## WORK TASK
For the entries below, how many lines contain the word "Stock"? Reply with the number and nothing else.

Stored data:

=== Section Start ===

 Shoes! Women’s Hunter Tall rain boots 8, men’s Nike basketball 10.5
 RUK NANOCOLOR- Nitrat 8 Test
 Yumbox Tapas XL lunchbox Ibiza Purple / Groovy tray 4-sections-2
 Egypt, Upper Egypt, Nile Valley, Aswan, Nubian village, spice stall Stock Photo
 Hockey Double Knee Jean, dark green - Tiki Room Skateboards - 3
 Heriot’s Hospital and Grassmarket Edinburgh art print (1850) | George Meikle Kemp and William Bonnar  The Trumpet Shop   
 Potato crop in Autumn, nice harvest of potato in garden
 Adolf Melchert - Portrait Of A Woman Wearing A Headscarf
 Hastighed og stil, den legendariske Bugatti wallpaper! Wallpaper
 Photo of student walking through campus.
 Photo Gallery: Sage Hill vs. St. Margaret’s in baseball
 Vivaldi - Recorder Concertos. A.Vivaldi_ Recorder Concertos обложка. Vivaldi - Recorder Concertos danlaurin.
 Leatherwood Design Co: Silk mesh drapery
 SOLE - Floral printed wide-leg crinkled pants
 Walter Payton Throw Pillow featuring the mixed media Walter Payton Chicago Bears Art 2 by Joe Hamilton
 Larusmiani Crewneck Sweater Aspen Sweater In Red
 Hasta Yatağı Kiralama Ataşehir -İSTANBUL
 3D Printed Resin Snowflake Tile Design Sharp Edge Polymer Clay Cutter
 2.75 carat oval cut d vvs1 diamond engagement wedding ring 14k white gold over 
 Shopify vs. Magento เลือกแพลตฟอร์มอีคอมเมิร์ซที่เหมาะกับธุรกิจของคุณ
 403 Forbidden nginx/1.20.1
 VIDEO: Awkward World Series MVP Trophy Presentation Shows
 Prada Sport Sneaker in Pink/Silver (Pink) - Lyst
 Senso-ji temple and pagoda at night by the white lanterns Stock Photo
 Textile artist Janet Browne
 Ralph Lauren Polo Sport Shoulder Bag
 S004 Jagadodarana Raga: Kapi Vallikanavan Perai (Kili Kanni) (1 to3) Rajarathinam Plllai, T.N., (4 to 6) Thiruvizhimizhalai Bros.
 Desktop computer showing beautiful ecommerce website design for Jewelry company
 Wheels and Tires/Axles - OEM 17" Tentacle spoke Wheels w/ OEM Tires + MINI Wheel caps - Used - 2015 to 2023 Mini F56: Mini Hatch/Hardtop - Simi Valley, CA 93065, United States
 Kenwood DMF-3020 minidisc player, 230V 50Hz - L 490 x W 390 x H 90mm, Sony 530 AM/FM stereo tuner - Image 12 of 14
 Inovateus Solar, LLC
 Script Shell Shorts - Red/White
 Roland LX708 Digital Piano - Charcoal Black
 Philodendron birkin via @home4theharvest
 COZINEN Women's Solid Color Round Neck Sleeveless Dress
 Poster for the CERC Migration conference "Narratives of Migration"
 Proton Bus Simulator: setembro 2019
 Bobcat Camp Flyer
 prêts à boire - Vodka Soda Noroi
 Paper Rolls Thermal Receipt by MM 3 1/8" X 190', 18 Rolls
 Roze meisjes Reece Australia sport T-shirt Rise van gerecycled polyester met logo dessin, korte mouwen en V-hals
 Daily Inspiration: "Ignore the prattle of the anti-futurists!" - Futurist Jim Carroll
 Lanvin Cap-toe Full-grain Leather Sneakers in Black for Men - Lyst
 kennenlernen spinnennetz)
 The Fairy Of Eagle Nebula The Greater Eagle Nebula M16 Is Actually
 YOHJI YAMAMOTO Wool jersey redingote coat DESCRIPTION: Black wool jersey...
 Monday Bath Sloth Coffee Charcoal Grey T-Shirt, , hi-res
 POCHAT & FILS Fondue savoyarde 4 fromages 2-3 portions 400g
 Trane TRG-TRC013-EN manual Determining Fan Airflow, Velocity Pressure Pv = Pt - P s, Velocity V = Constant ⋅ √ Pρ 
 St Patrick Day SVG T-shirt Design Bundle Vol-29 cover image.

=== Section End ===

## SOLVED EXERCISE
2